Wczoraj w godzinach popołudniowych strażnicy gminni realizowali patrol Gminy Dygowo. Przejeżdżając przez Jazy, zauważyli kłęby dymu przy jednej z posesji oraz kobietę, która usiłowała walczyć z ogniem. Natychmiast zabezpieczyli miejsce i zaalarmowali straż pożarną. Po chwili na miejsce przybyły jednostki OSP z Dygowa, następnie ze Wrzosowa. Pożar niebezpiecznie zbliżył się na kilka metrów do budynku gospodarczego i niewiele brakowało, a mógłby go zająć. Dzięki sprawnej akcji OSP szybko udało się go ugasić.
Początkowo Pani zarzucała, że ktoś musiał dokonać podpalenia okolic jej posesji. Po krótkich czynnościach przyznała się jednak do swojej niefrasobliwości – robiąc porządki, postanowiła wypalić także stertę gałęzi. Po chwili jednak ogień wymknął się spod jej kontroli. Postępowanie zakończono nałożeniem mandatu karnego.

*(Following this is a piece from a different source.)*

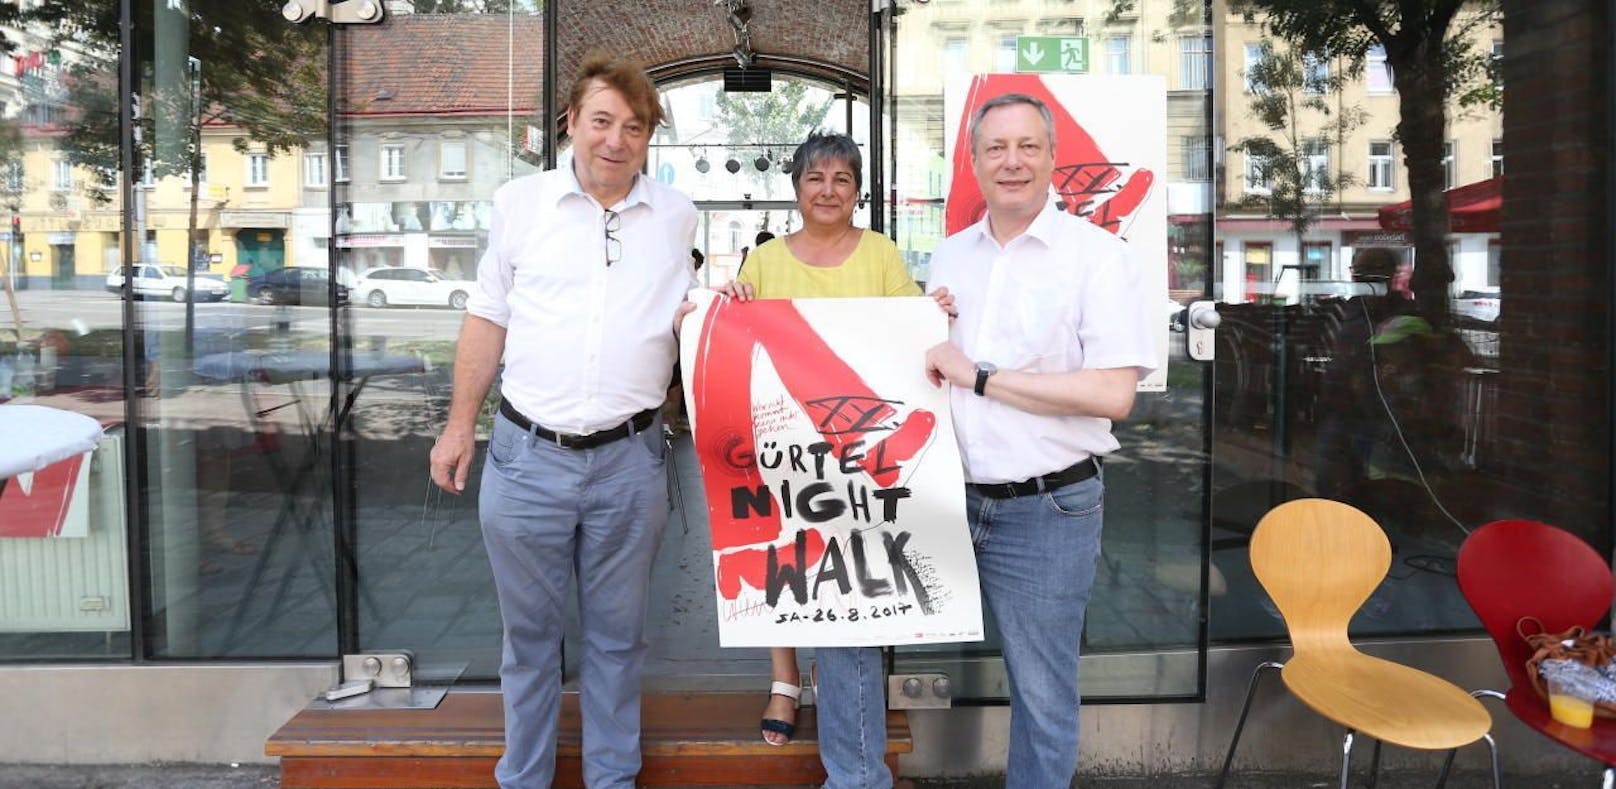 Gürtel-Nightwalk: Die Organisatoren Kurt Stürzenbecher, Nurten Yilmaz und Heinz Vettermann (rechts) präsentierten das Programm für die 20. Ausgabe des Konzertreigens am 26. August.

Tego samego dnia, w godzinach wieczornych, miały miejsce jeszcze dwa pożary traw – w Pustarach, gdzie wyjechała do gaszenia jednostka OSP z Czernina oraz w Kłopotowie, gdzie ogień zagrażał zabytkowej oborze. Pożar początkowo gasili wspólnymi siłami mieszkańcy. Po chwili dojechała jednostka OSP z Wrzosowa, dogaszając pogorzelisko.
Wszystko wskazuje, że tak jak w pierwszym przypadku, były to podpalenia.